Pharmacologically controlled protein switch for ON-OFF regulation of growth factor activity.

The precise manipulation of growth factor signaling is central to the progress of tissue engineering. Methods for direct time-resolved activation of signaling pathways through controlled receptor dimerization have been reported; however, these suffer from the risks associated with gene transfer. Here we present an alternative gene transfer-free approach in the form of a protein switch featuring pharmacologically controlled ON-OFF regulation of growth factor activity. The reversible operation of the switch enables stimulation of target processes within a defined period of time. The protein switch provides a means for both studying and manipulating signaling processes, and is thus believed to be a valuable tool for basic research as well as tissue engineering and biomedical applications.

A generic strategy for pharmacological caging of growth factors for tissue engineering.

The caging of small molecules has revolutionized biological research by providing a means to regulate a wide range of processes. Here we report on a generic pharmacological method to cage proteins in a similar fashion. The present approach is of value in both fundamental and applied research, e.g. in tissue engineering.

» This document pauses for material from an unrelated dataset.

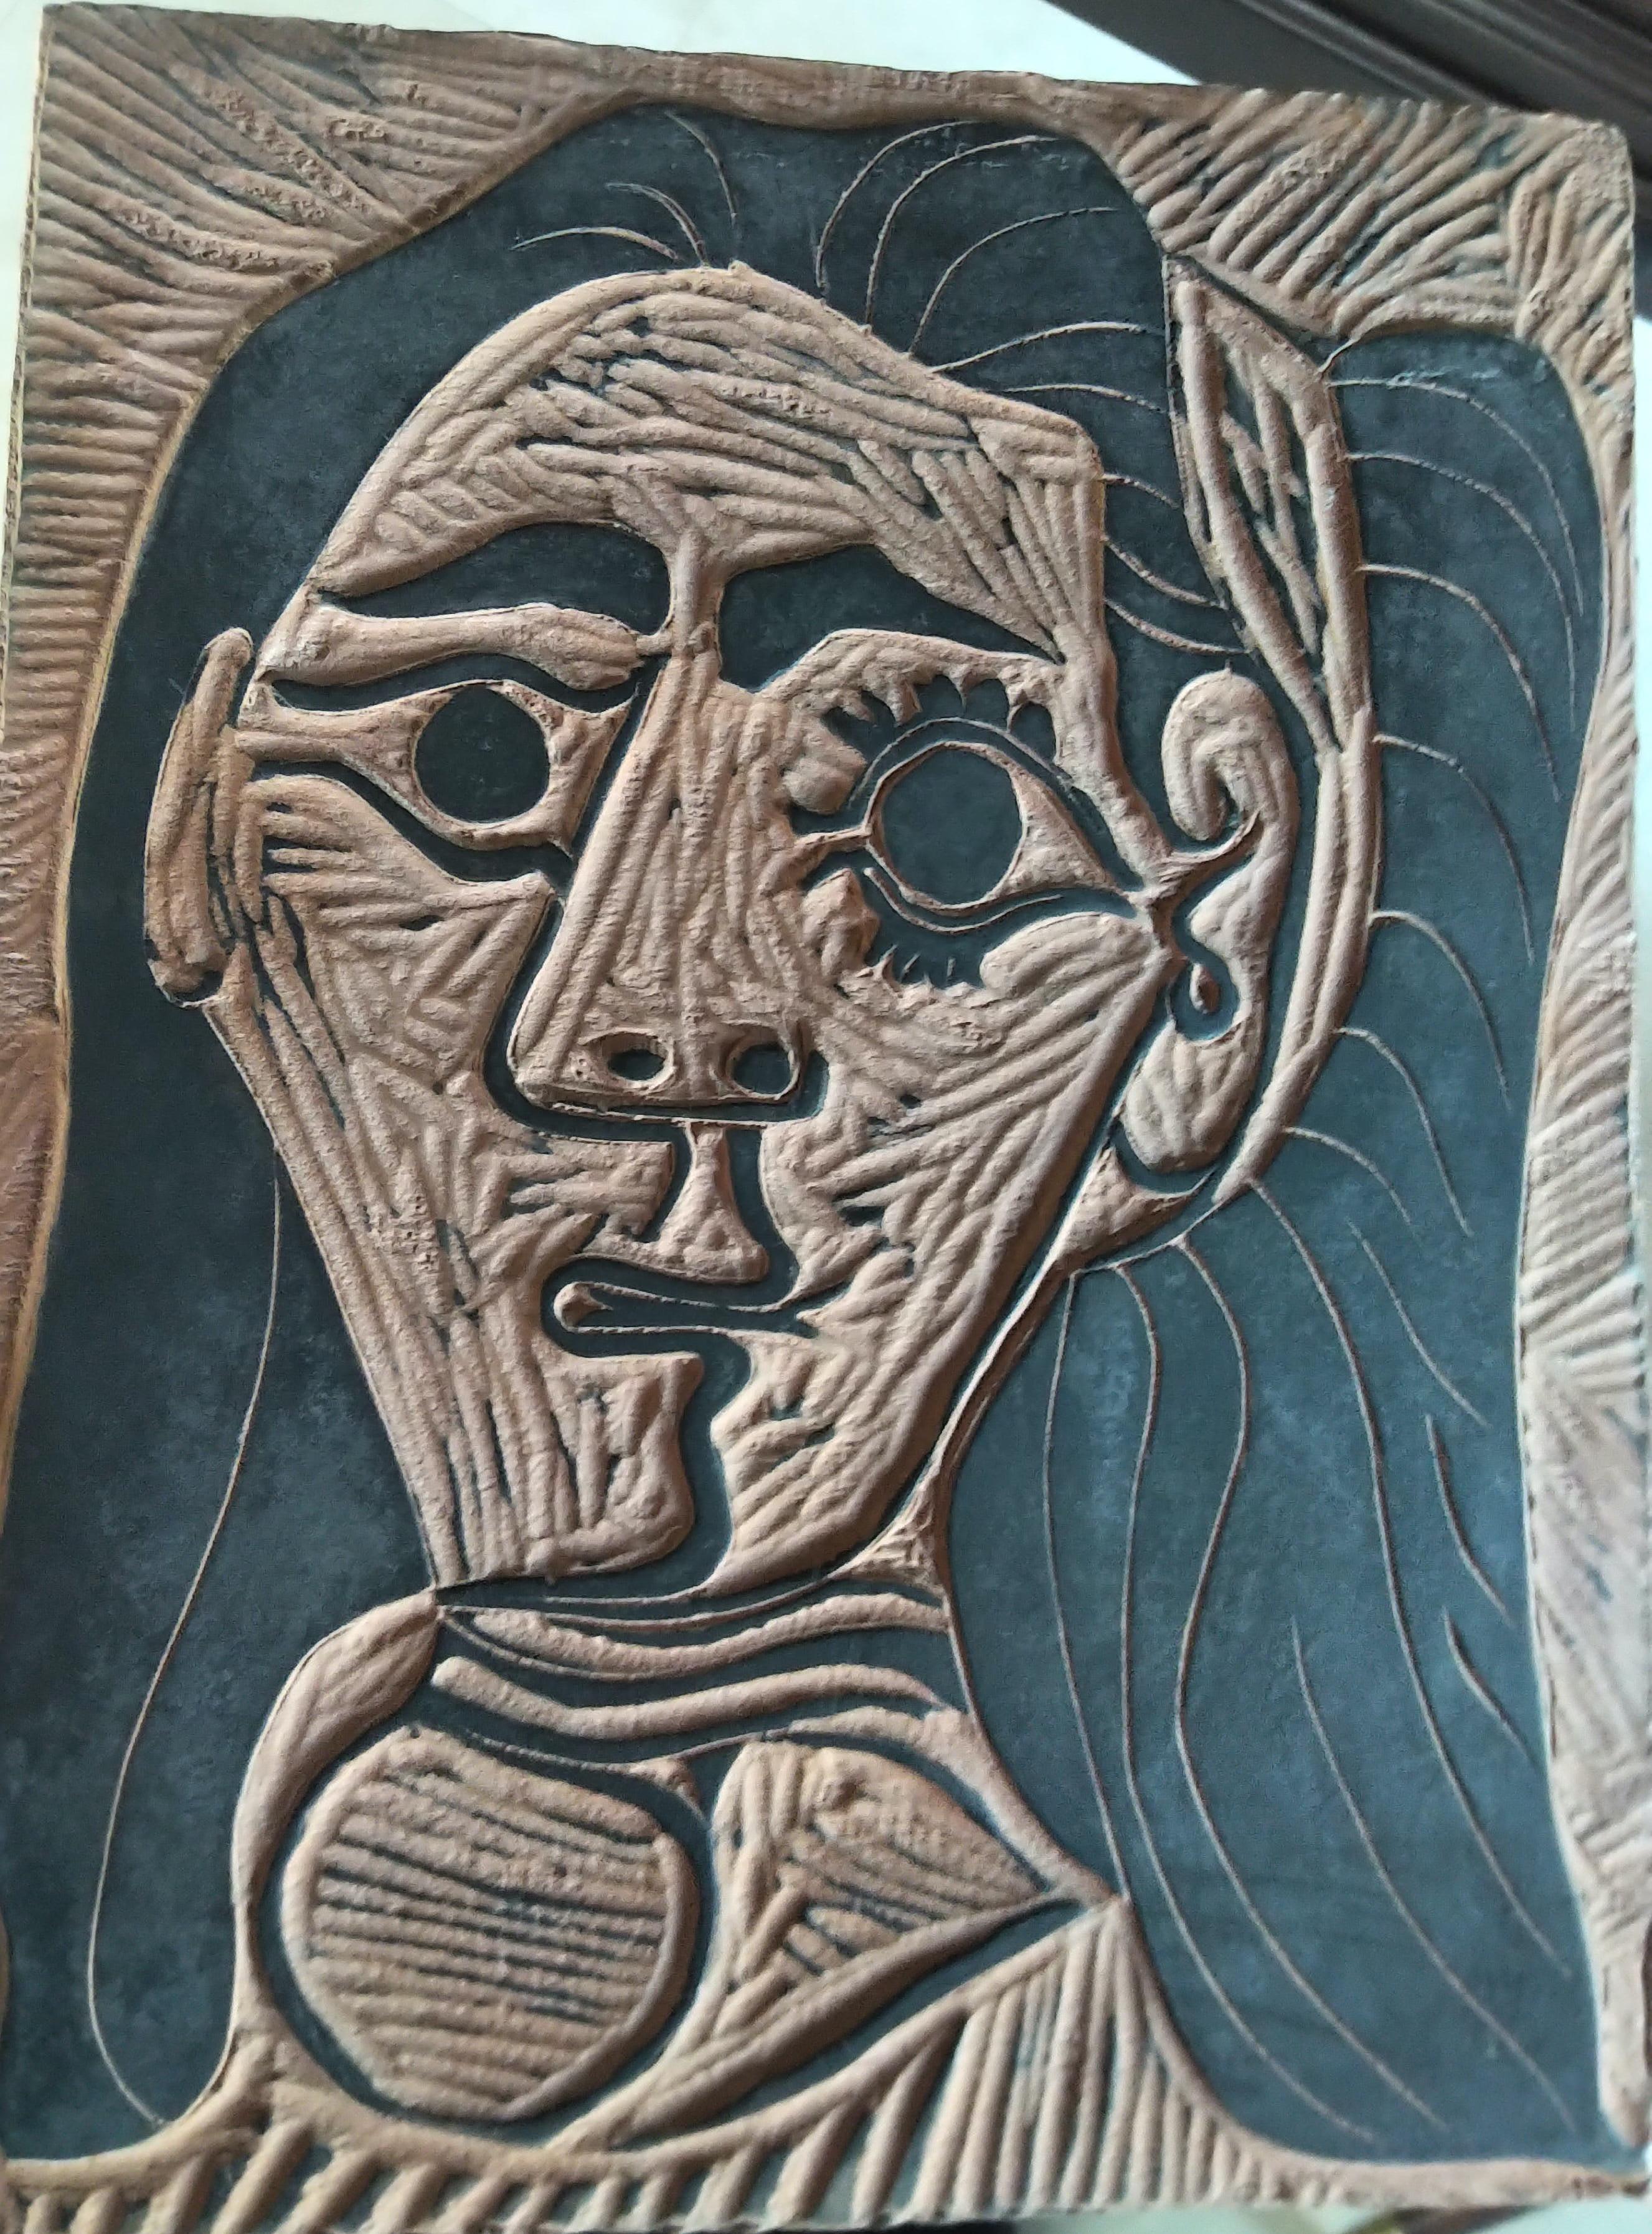 Picasso Madoura Keramik A.R. 520 Frau mit flauschigem Haar – Sculpture von Pablo Picasso

Biomimetic hydrogels for controlled biomolecule delivery to augment bone regeneration.

The regeneration of large bone defects caused by trauma or disease remains a significant clinical problem. Although osteoinductive growth factors such as bone morphogenetic proteins have entered clinics, transplantation of autologous bone remains the gold standard to treat bone defects. The effective treatment of bone defects by protein therapeutics in humans requires quantities that exceed the physiological doses by several orders of magnitude. This not only results in very high treatment costs but also bears considerable risks for adverse side effects. These issues have motivated the development of biomaterials technologies allowing to better control biomolecule delivery from the solid phase. Here we review recent approaches to immobilize biomolecules by affinity binding or by covalent grafting to biomaterial matrices. We focus on biomaterials concepts that are inspired by extracellular matrix (ECM) biology and in particular the dynamic interaction of growth factors with the ECM. We highlight the value of synthetic, ECM-mimicking matrices for future technologies to study bone biology and develop the next generation of 'smart' implants.